Kristin Estella Lauter is an American mathematician and cryptographer particularly known for her work on elliptic curve cryptography, homomorphic encryption, and post-quantum cryptography.  She is currently Head of West Coast Research Labs for FAIR (Facebook AI Research), supervising groups in Core Machine Learning, Computer Vision, Robotics, and Privacy. From 2008—2021 she was a Principal Researcher and Partner Research Manager of the Cryptography and Privacy Group at Microsoft Research in Redmond, Washington, which developed Microsoft SEAL. Lauter was President of the Association for Women in Mathematics (AWM) from 2015—2017.  She is an Elected Fellow of the American Mathematical Society (2015), AWM (2017), the  Society of Industrial and Applied Mathematics (2020), and the American Association for the Advancement of Science (2021). She was the Polya Lecturer for the Mathematical Association of America for 2018—2020.  Lauter earned all her degrees in mathematics from the University of Chicago, in BA (1990),  MS (1991), and PhD (1996). Prior to joining Microsoft, she was Hildebrandt Research Assistant Professor at the University of Michigan (1996-1999), Visiting Scholar at Max Planck Institut fur Mathematik in Bonn, Germany (1997), and a Visiting Researcher at Institut de Mathematiques Luminy in France (1999). She is a co-founder of the HomomorphicEncryption.org community and a Steering Committee member. 



Wei Dai is a senior research SDE in the Cryptography and Privacy Research group at Microsoft Research. He received a PhD degree in Electrical and Computer Engineering from Worcester Polytechnic Institute in 2019. His research interests include applied cryptography, privacy-enhancing technologies, and cryptographic implementations.
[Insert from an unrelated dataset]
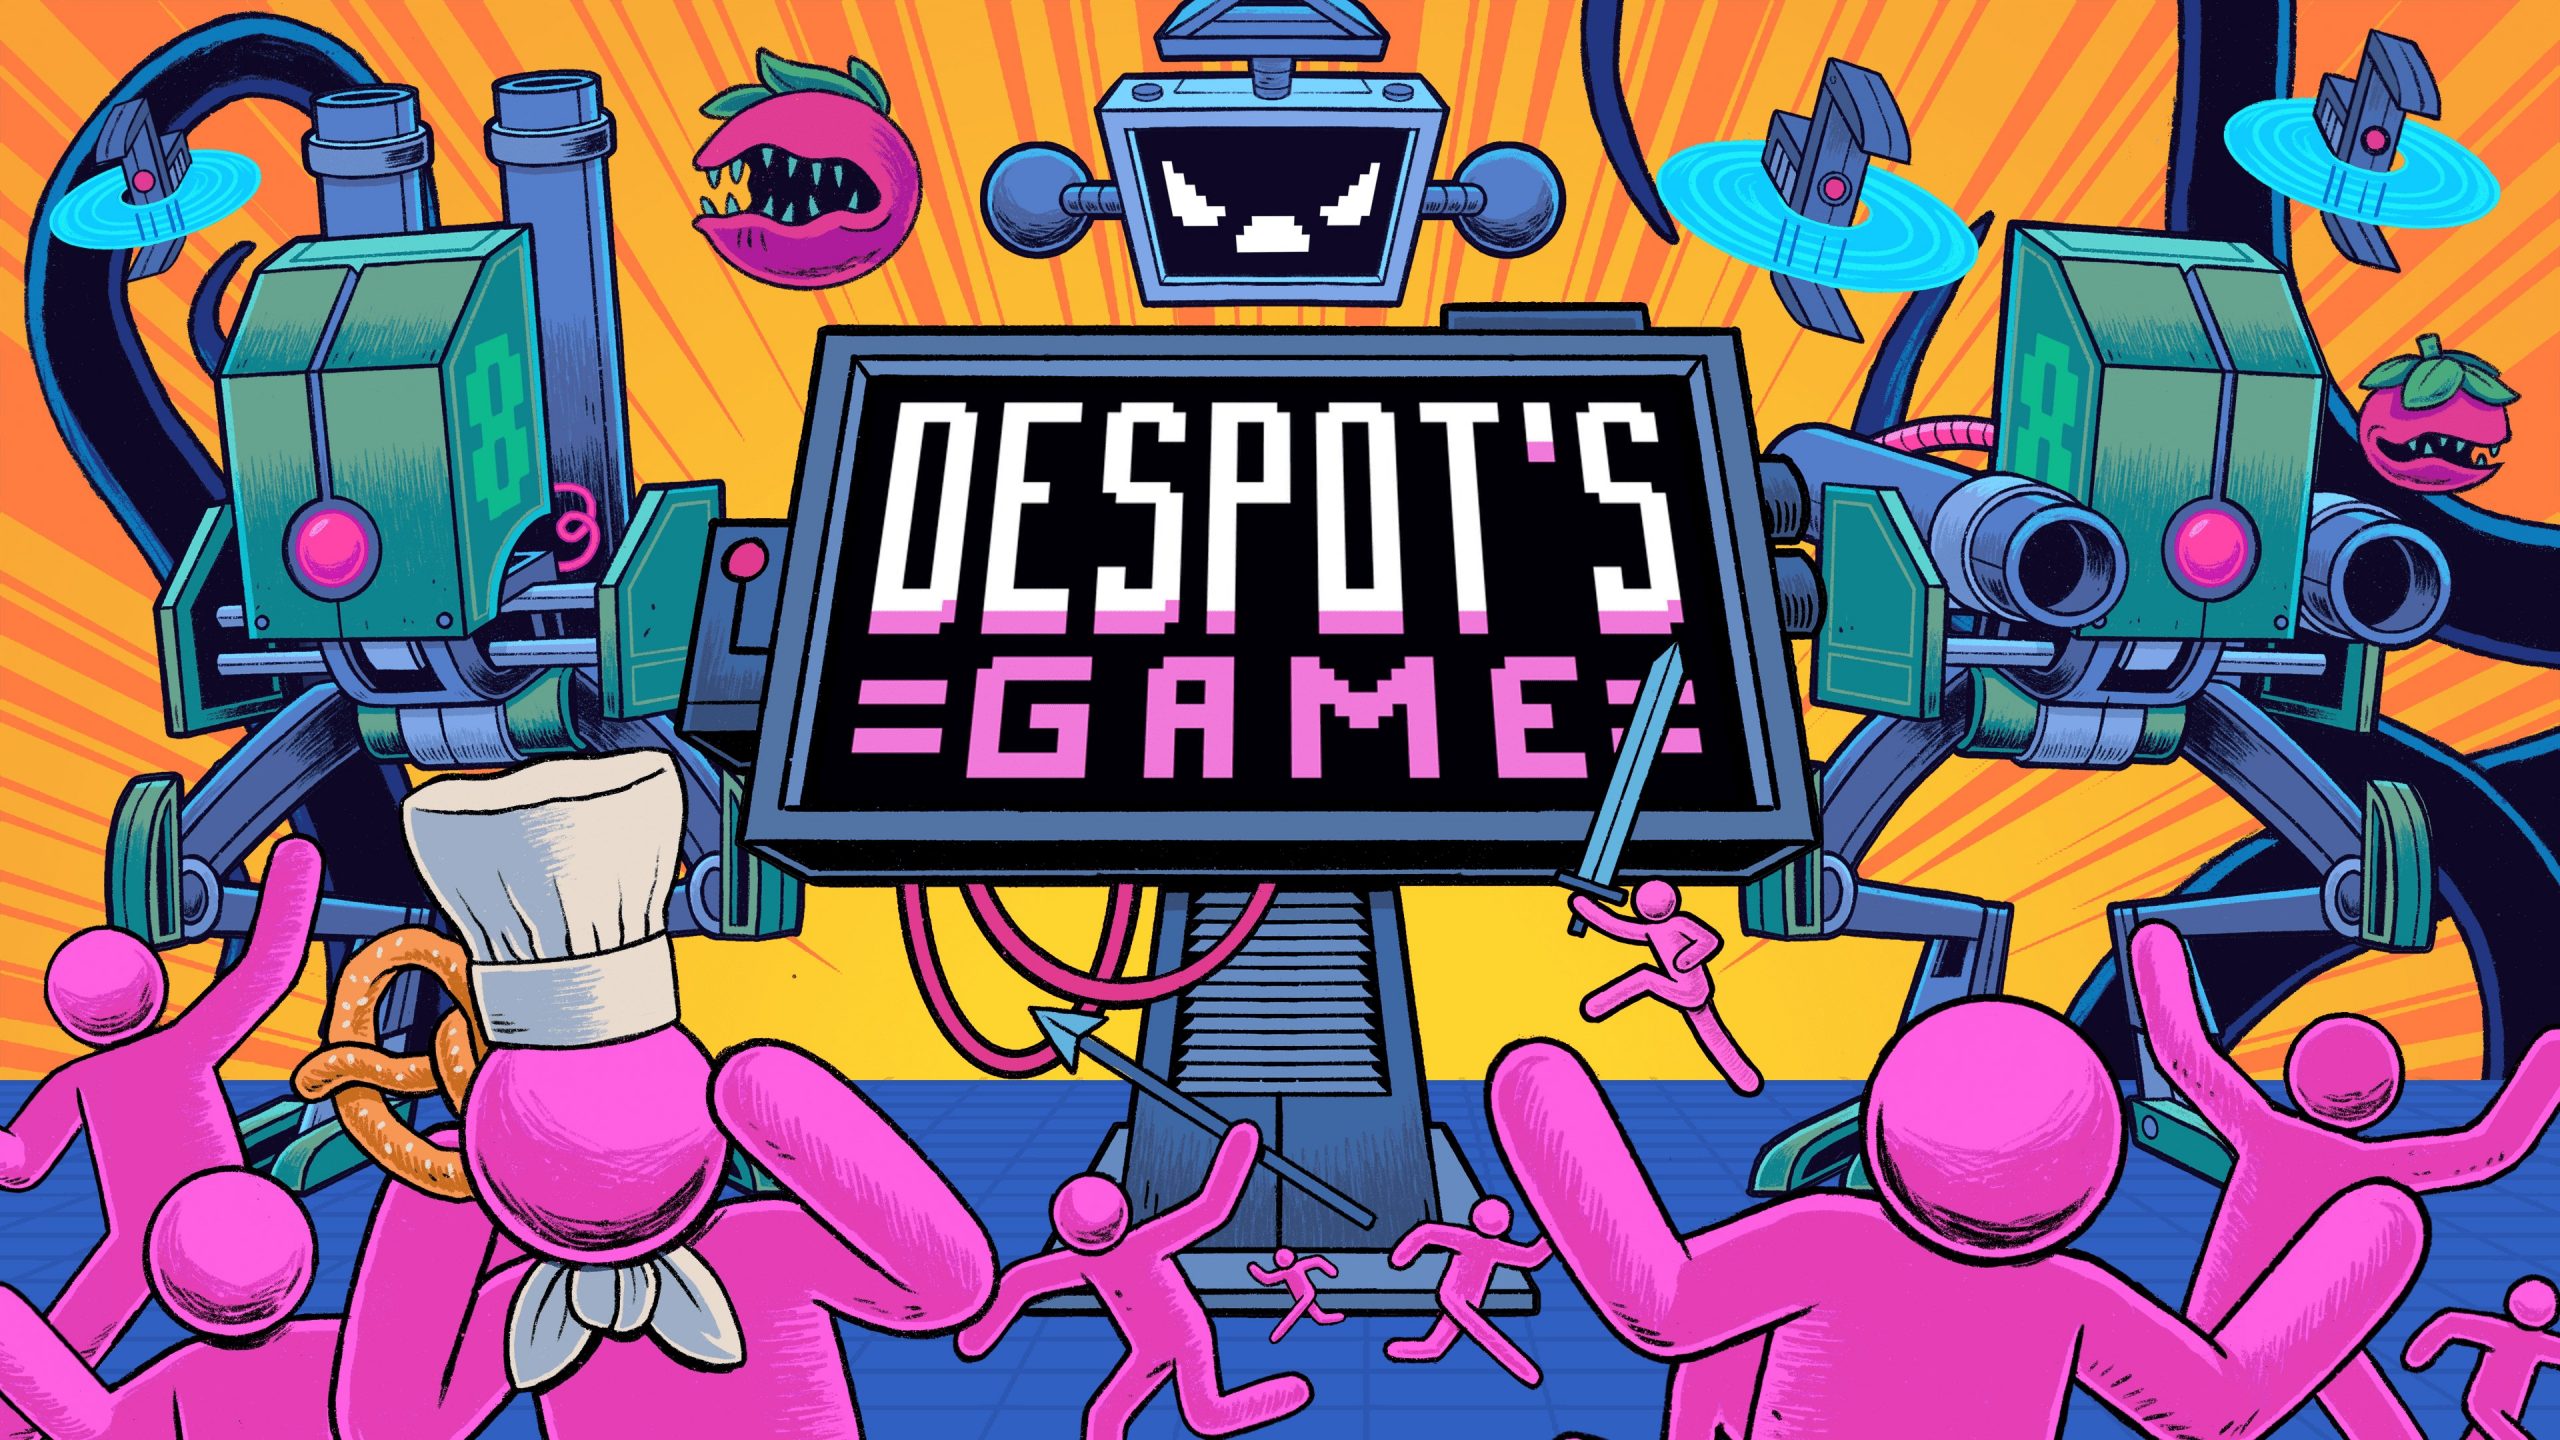 Let’s play a Despot’s Game!

Wei is a contributor to the homomorphic encryption library Microsoft SEAL and leads the implementation of homomorphic encryption on alternative hardware platforms.



Kim Laine is a principal researcher and research manager of the Cryptography and Privacy Research Group at Microsoft Research, Redmond. He holds a PhD in mathematics from UC Berkeley and since graduation has been working at Microsoft Research on applied cryptography and privacy-enhancing technologies. Kim’s contributions to homomorphic encryption range from academic research to development of the homomorphic encryption library Microsoft SEAL. He is a co-founder of the HomomorphicEncryption.org community and a Steering Committee member.